Understanding the E-C Matrix
How the Energy-Commitment matrix works, what the four quadrants mean, and how to use it to guide intervention strategy.
The Energy-Commitment (E-C) Matrix is the primary readiness visualization in Cursus. It places stakeholder groups on a two-dimensional grid based on their measured energy and commitment levels, making it immediately clear where to focus intervention effort.
What energy and commitment mean
Energy measures active engagement with the change — how much bandwidth and motivation a group has to participate. High energy groups are showing up, asking questions, and engaging with change activities. Low energy groups are passive, disengaged, or overwhelmed by competing demands.
Commitment measures conviction that the change is the right direction. High commitment groups believe in the change's purpose. Low commitment groups are skeptical, resistant, or unaware of why the change is happening.
These are distinct dimensions.
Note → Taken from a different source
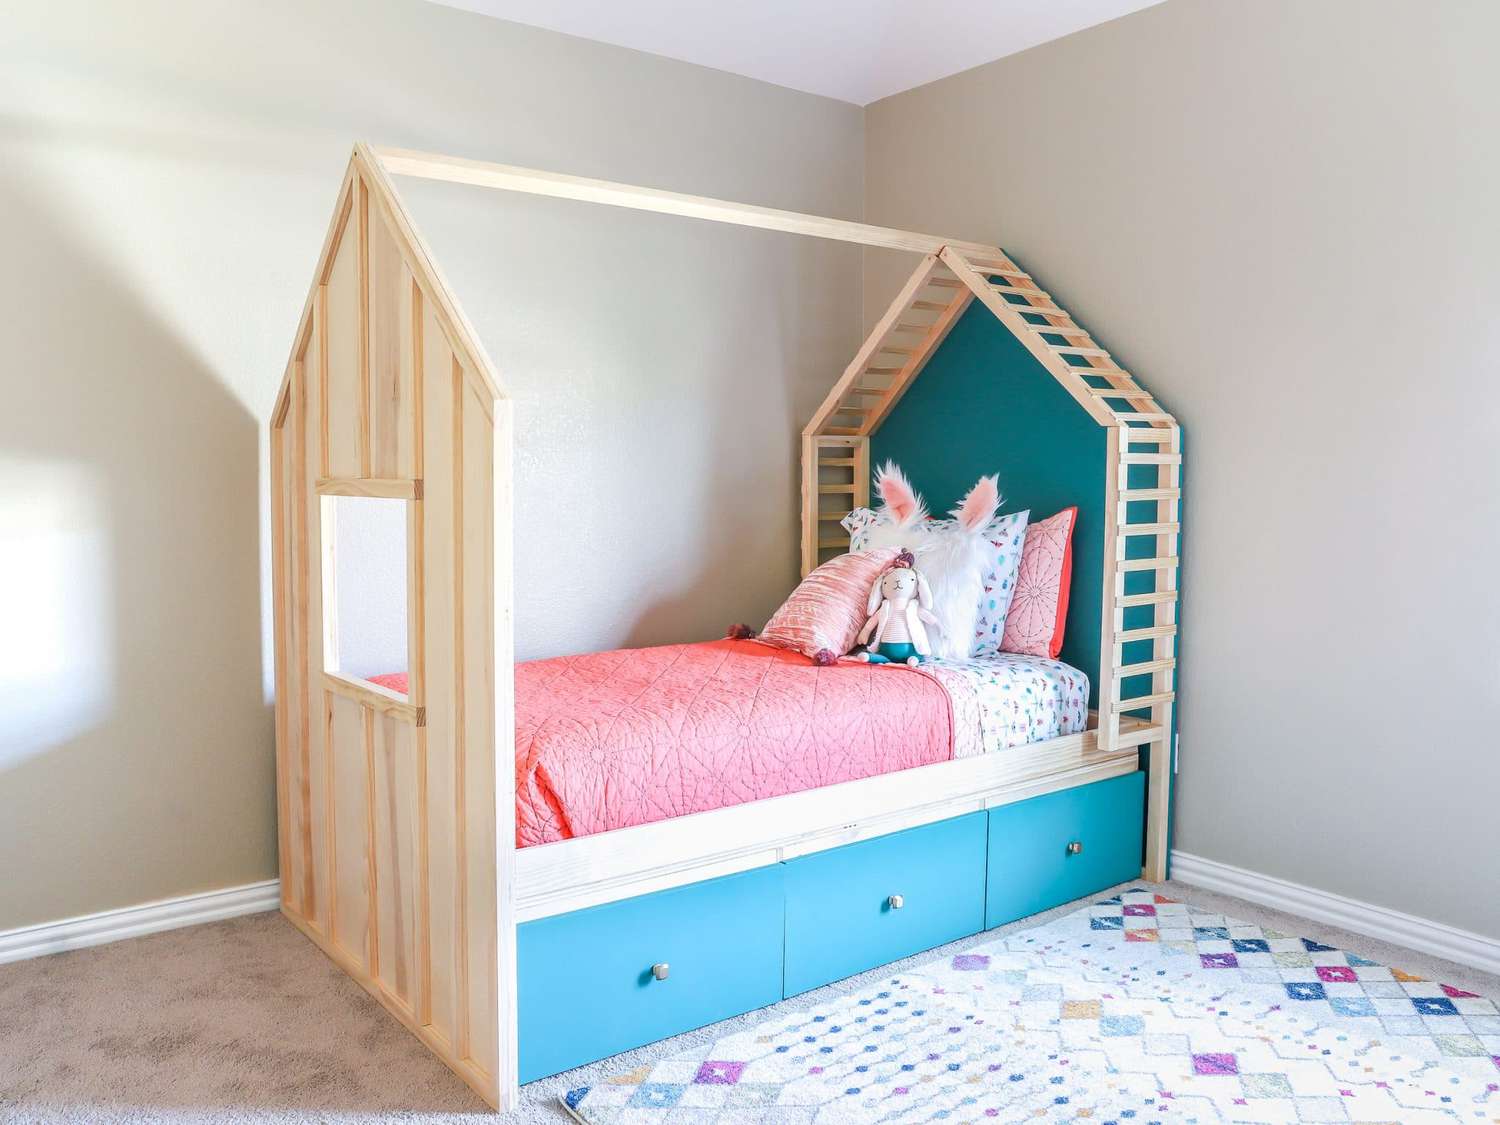 DIY kids bed with storage

A group can have high energy but low commitment (vocal resistors), or high commitment but low energy (believers who are stretched too thin).
The four quadrants
| Quadrant | Energy | Commitment | Meaning |
|---|---|---|---|
| Ready (green) | High | High | Proceed — deploy and enable |
| Willing but Overwhelmed (blue) | Low | High | Committed but capacity-constrained — reduce load, prioritize |
| Capable but Resistant (amber) | High | Low | Engaged but skeptical — address the why, involve in design |
| At Risk (red) | Low | Low | Disengaged and unconvinced — high intervention priority |
How scores are computed
E-C scores are derived from multiple signal sources:
- Survey responses (readiness and sentiment check-ins)
- Communication platform metadata (engagement pattern signals)
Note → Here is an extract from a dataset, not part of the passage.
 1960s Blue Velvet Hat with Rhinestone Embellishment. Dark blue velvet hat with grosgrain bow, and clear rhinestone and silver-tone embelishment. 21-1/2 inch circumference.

- Training and adoption telemetry (participation rates, feature usage)
- Practitioner assessments (manually entered observations)
Each source is weighted based on recency and reliability. The score reflects the current state as of the most recent signal window. Source attribution is shown for every score — click the info icon on any group card to see which signals contributed.
Intervention strategies by quadrant
- Ready — Focus on reinforcement and enablement. Avoid over-managing.
- Willing but Overwhelmed — Audit change load, defer non-critical asks, simplify the journey.
- Capable but Resistant — Investigate the source of skepticism. Involve group representatives in design decisions. Use Lumen to draft targeted "why this change" communications.
- At Risk — Escalate to leadership. Build awareness before requesting any commitment. Consider one-to-one leader conversations as the first intervention.
Using the temporal scrubber
The E-C Matrix includes a timeline scrubber at the bottom of the view. Drag the handle to move through time and watch how group positions shift relative to program milestones and releases.
This is useful for:
- Post-intervention analysis (did the amber groups move after the communications campaign?)
- Pre-release risk assessment (which groups are still At Risk heading into go-live?)
- Board and steering committee reporting (show trajectory, not just current state)
Data points are plotted at each signal collection interval. Gaps in the timeline indicate periods with insufficient data.